I crashed a few years ago when I loosened my SPD-Rs, pedals notorious for being difficult to release. I was hitting my shoes with my fists to get them out, so I loosened them up, literally just before the race. Then, on a bumpy exit in a corner in some crit, sprinting out of the saddle, I unclipped and fell.

Fortunately I only took myself out, and suffered no great damage except some road rash and a gouge in a frame that I now consider "disposable".

Before that, I fell mainly in rain, when riders skated into me because I slowed for a turn and they didn't. I guess they thought they could go faster on a manhole cover or white line or whatever it was to my inside.

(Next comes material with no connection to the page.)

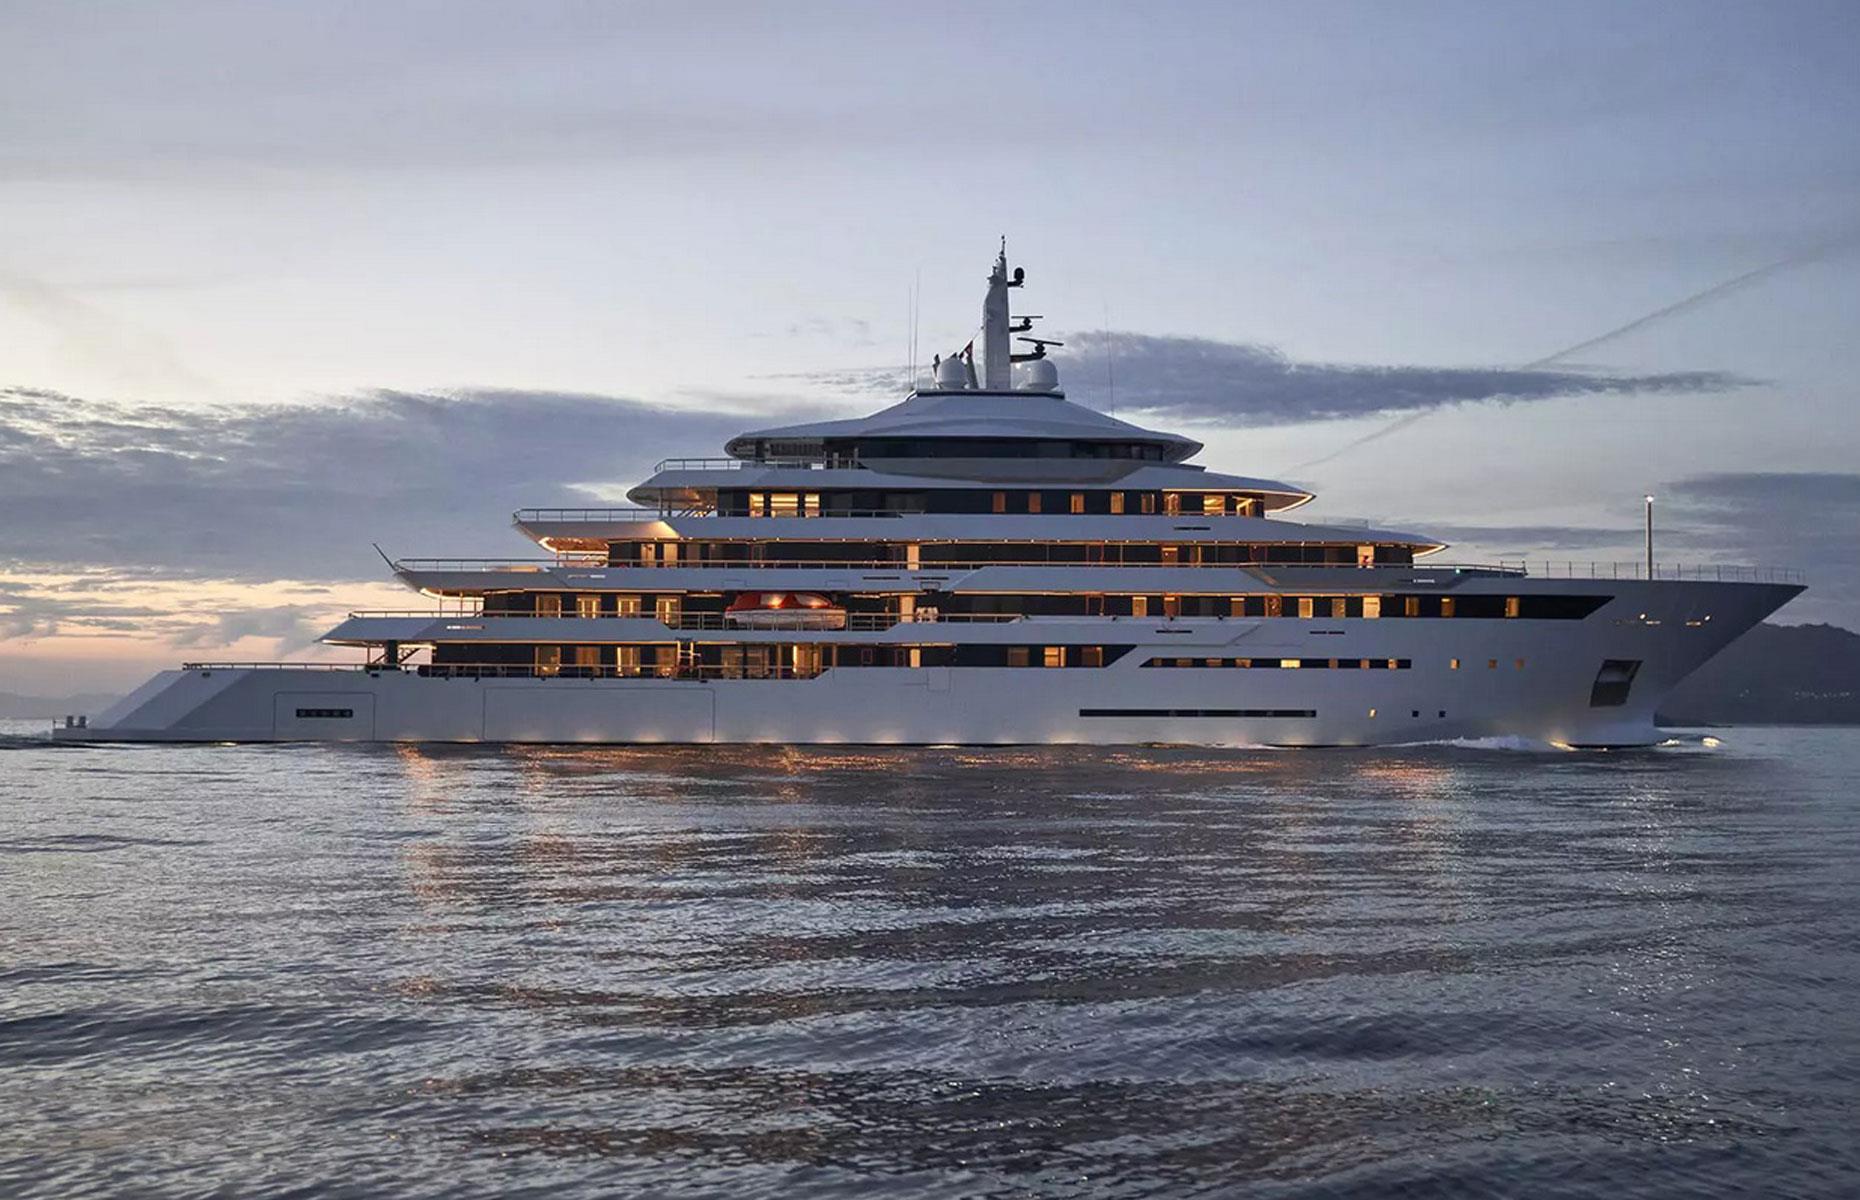 <p>Hot on the heels of delivering the 367-foot <em>Renaissance (NB-724)</em>, the largest ever yacht crafted in Spain (and shown here in all its glory), Freire's Galician shipyard is set to complete another whopper:<em> 105 Explorer (NB-729)</em>, which comes in at 344 feet.</p>  <p><em>Renaissance</em> has been described by Burgess Yachts as a "temple of leisure" and "sanctum of tranquillity." But <em>105 Explorer (NB-729) </em>is more about adventure than relaxation...</p>

They'd sweep my tires off the road and I'd land right next to them, sliding over to the curb. I remember a few crashes like that, including a doozy at Danbury where guys kept piling into the curb where I lay. For the EMTs it was like fishing by holding a net over the water and the fish just jumped in.

The last dry pavement crash before the SPD-R one was in 1992, when I had a series of crashes in the May/June season of crits. All of them were caused by maniacal riders moving up the inside and promptly sliding out. All of them were reasonably high prestige races, and in all of them I was in the top part of the field. I would add that all of them were in the closing laps of the race. Two were P123 races, two were 3s, and in the big P123 stack up, I was sitting 4th or 5th behind one of the Carney brothers with only 400 meters left in the race.

The riding was simply just way too optimistic. No one did any switching, chopping, nothing. It was just full out into a turn, lean over, slide, and crash. I just happened to be in the area when it happened.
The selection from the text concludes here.